Ever walked into your kitchen and felt vaguely overwhelmed before you've even started cooking? You're not imagining it. Kitchens accumulate clutter faster than any other room in the house — and most of us don't even notice how much the build-up is affecting the way the space feels. 

Here's the thing: you don't need a renovation to make your kitchen feel bigger, calmer and more considered. Sometimes all it takes is being a little ruthless about what's actually earning its place. These are the four things I tell every client to tackle first.

The countertop appliances you're not really using

Clear counters equal breathing room. That's not just a design philosophy — it's how our brains actually work. We perceive clear horizontal surfaces as larger spaces, so every appliance sitting on your worktop is physically making your kitchen feel smaller than it is.

Start with the honest audit. If you're not using your bread maker, juicer or smoothie machine on a daily basis, it doesn't belong on the worktop. Find it a home in a cupboard, or if you genuinely haven't used it in six months, let it go. Even larger items like stand mixers can live in a cabinet if you're tight on space. The few seconds it takes to lift it out is a small price for a worktop that finally has room to breathe.

Duplicate utensils and gadgets

Open your utensil drawer. How many wooden spoons are in there? Three? Five? Be honest with yourself — you use one. Maybe two. The rest are just filling space and making it harder to find the things you actually need.

The same goes for every drawer in your kitchen. Keep your best version of each thing and donate the rest. A streamlined drawer isn't just tidier, it's genuinely more functional. When everything has a place and there's room to see it, cooking becomes easier and the kitchen feels more like the space you wanted.

Expired and unloved pantry items

This one makes a bigger difference than people expect. Check the dates on your spices, your condiments, your tins.
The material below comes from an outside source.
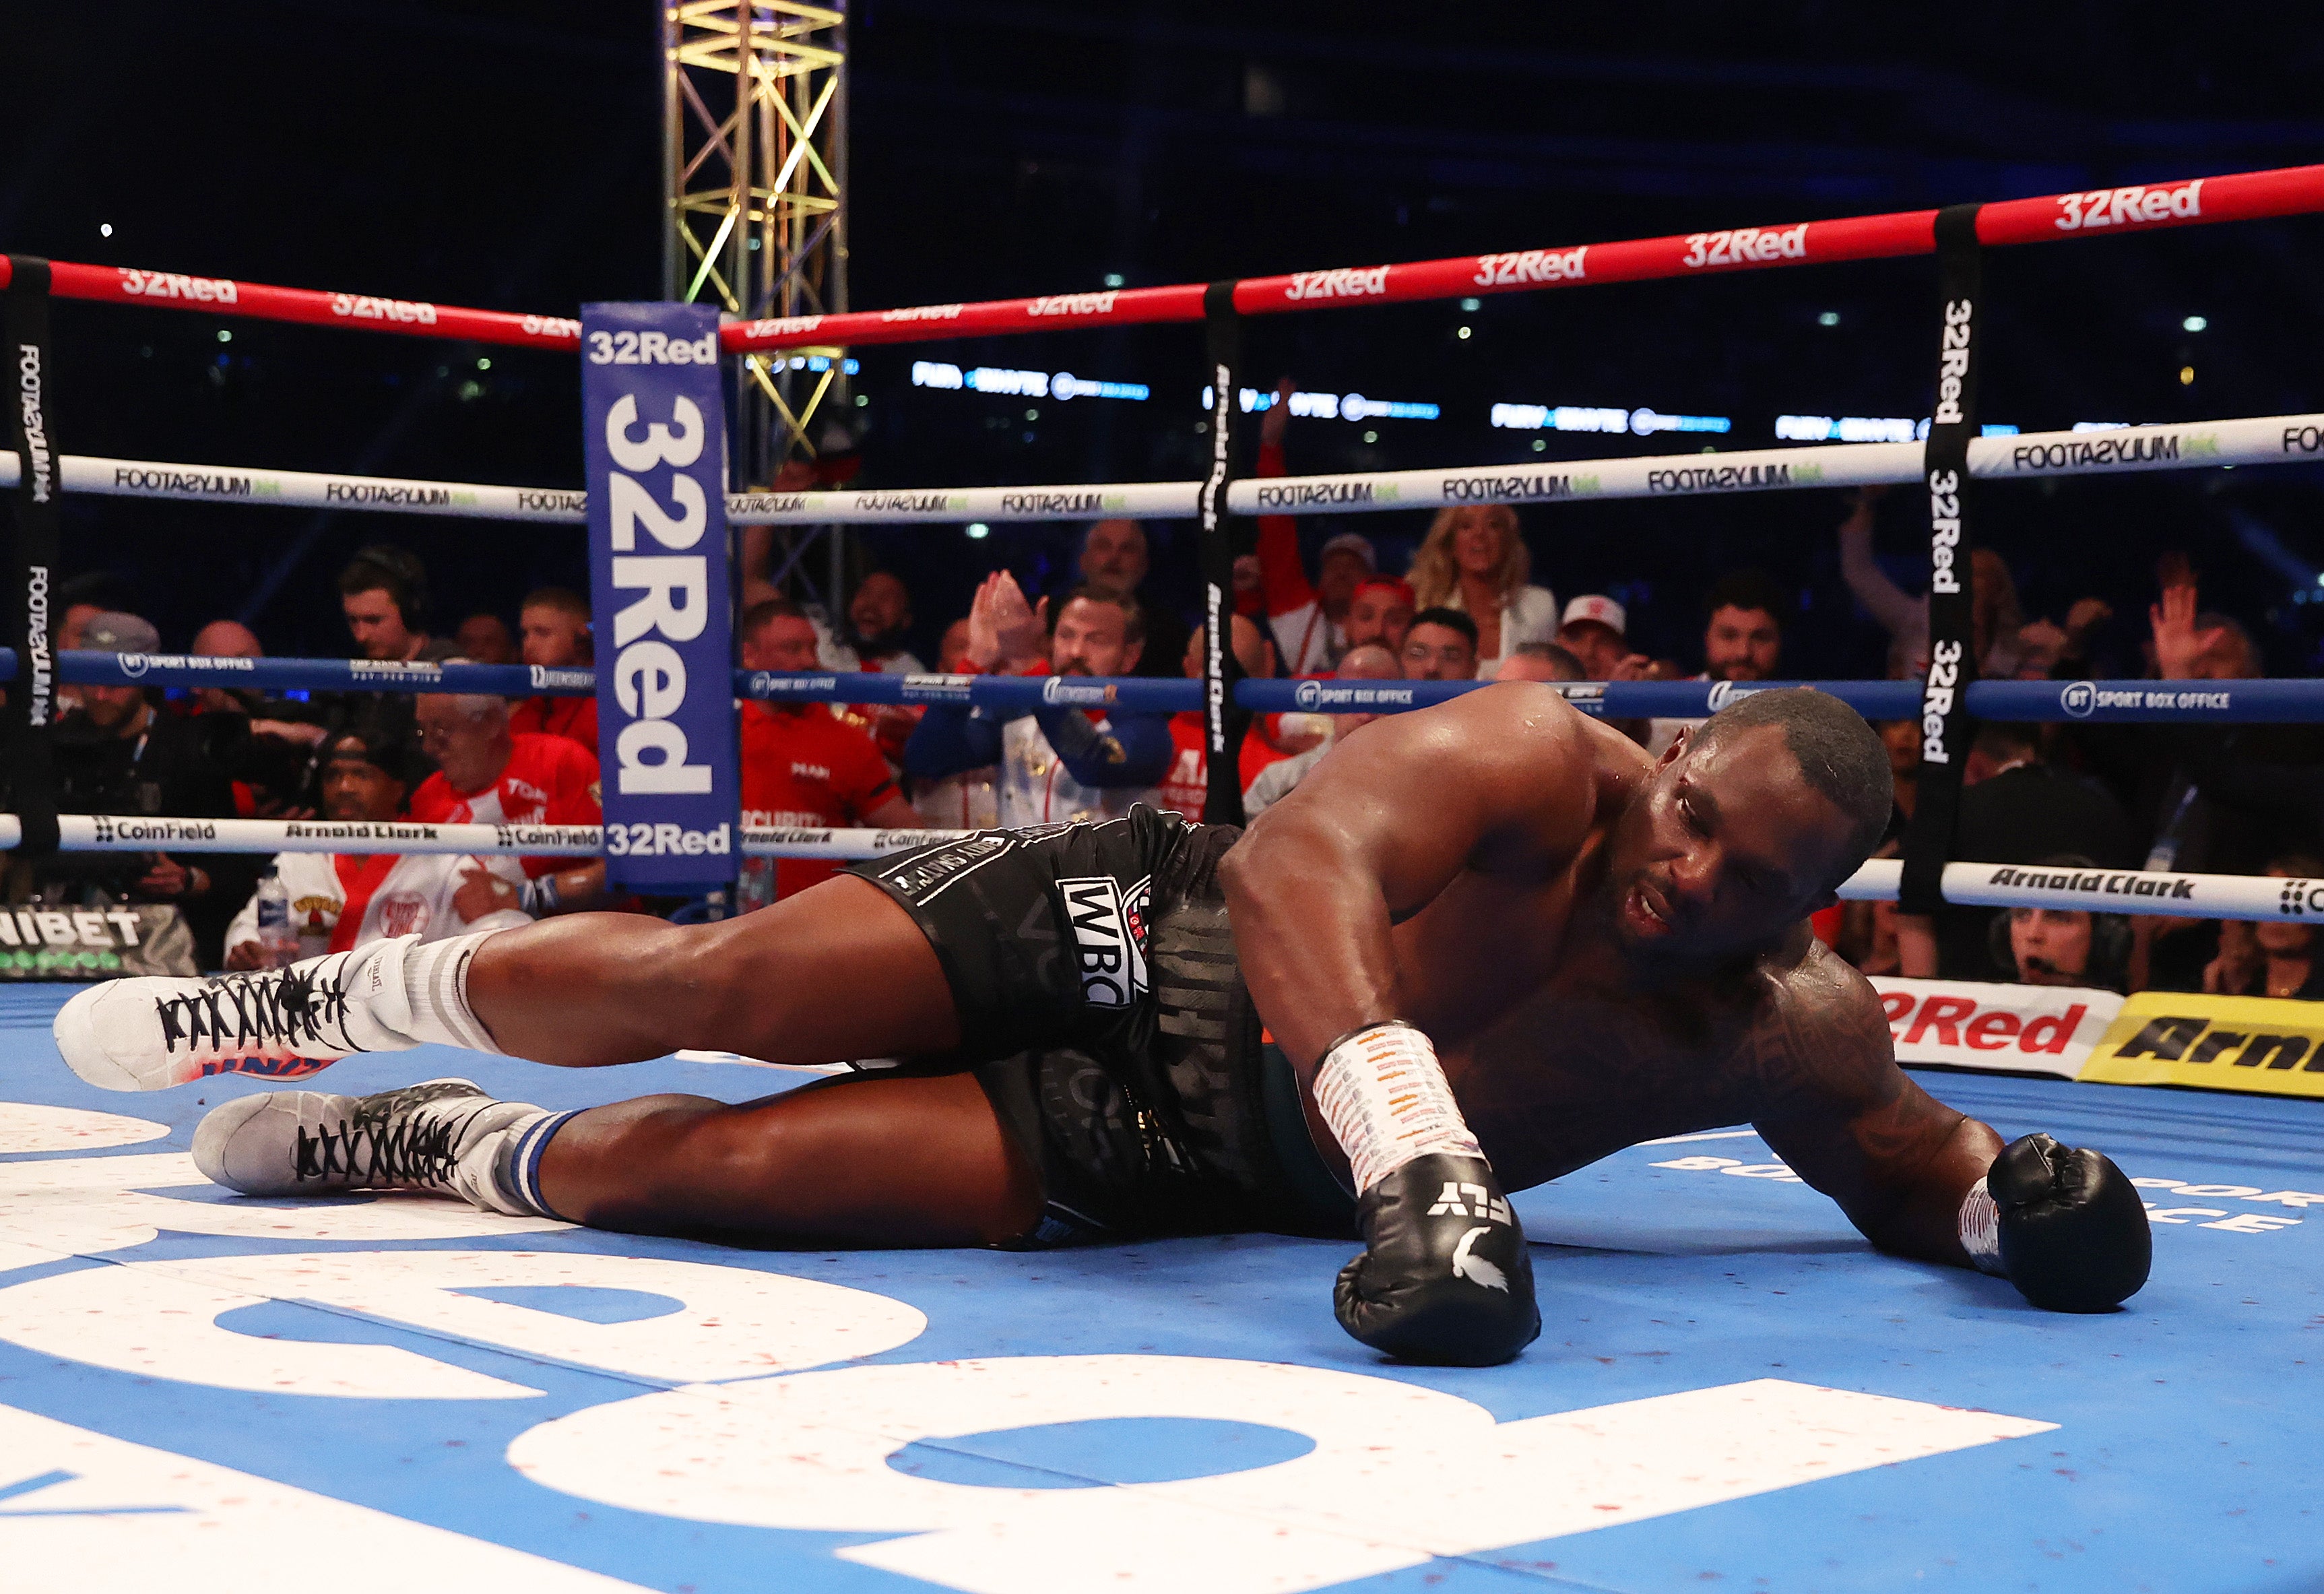 Dillian Whyte was stopped by Tyson Fury in Round 6 at Wembley Stadium

Anything that's out of date is dead weight taking up shelf space — and it's making it harder to find and use what you actually have.

A well-organised, edited pantry with proper visibility transforms how you shop and cook. You stop buying duplicates of things you already have. You waste less. And every time you open that cupboard, it feels like a space that's working for you rather than against you.

Single-use gadgets

The avocado slicer. The egg separator. The strawberry huller. I say this with love: these are the enemy. Each one seems harmless on its own, but they pile up quietly and before you know it every drawer is full of things that do one job badly when a decent knife could do it better.

Go through your kitchen drawers and ask yourself honestly: when did I last use this, and could something I already own do the same job? If the answer is yes, out it goes.

The takeaway

None of this requires a designer, a budget or a weekend. It requires an hour, a bin bag and a willingness to be a little bit ruthless. The kitchens that feel spacious, calm and considered aren't always the biggest ones — they're the ones where everything visible has earned its place.

Start with one drawer. You'll be amazed at how quickly the rest follows.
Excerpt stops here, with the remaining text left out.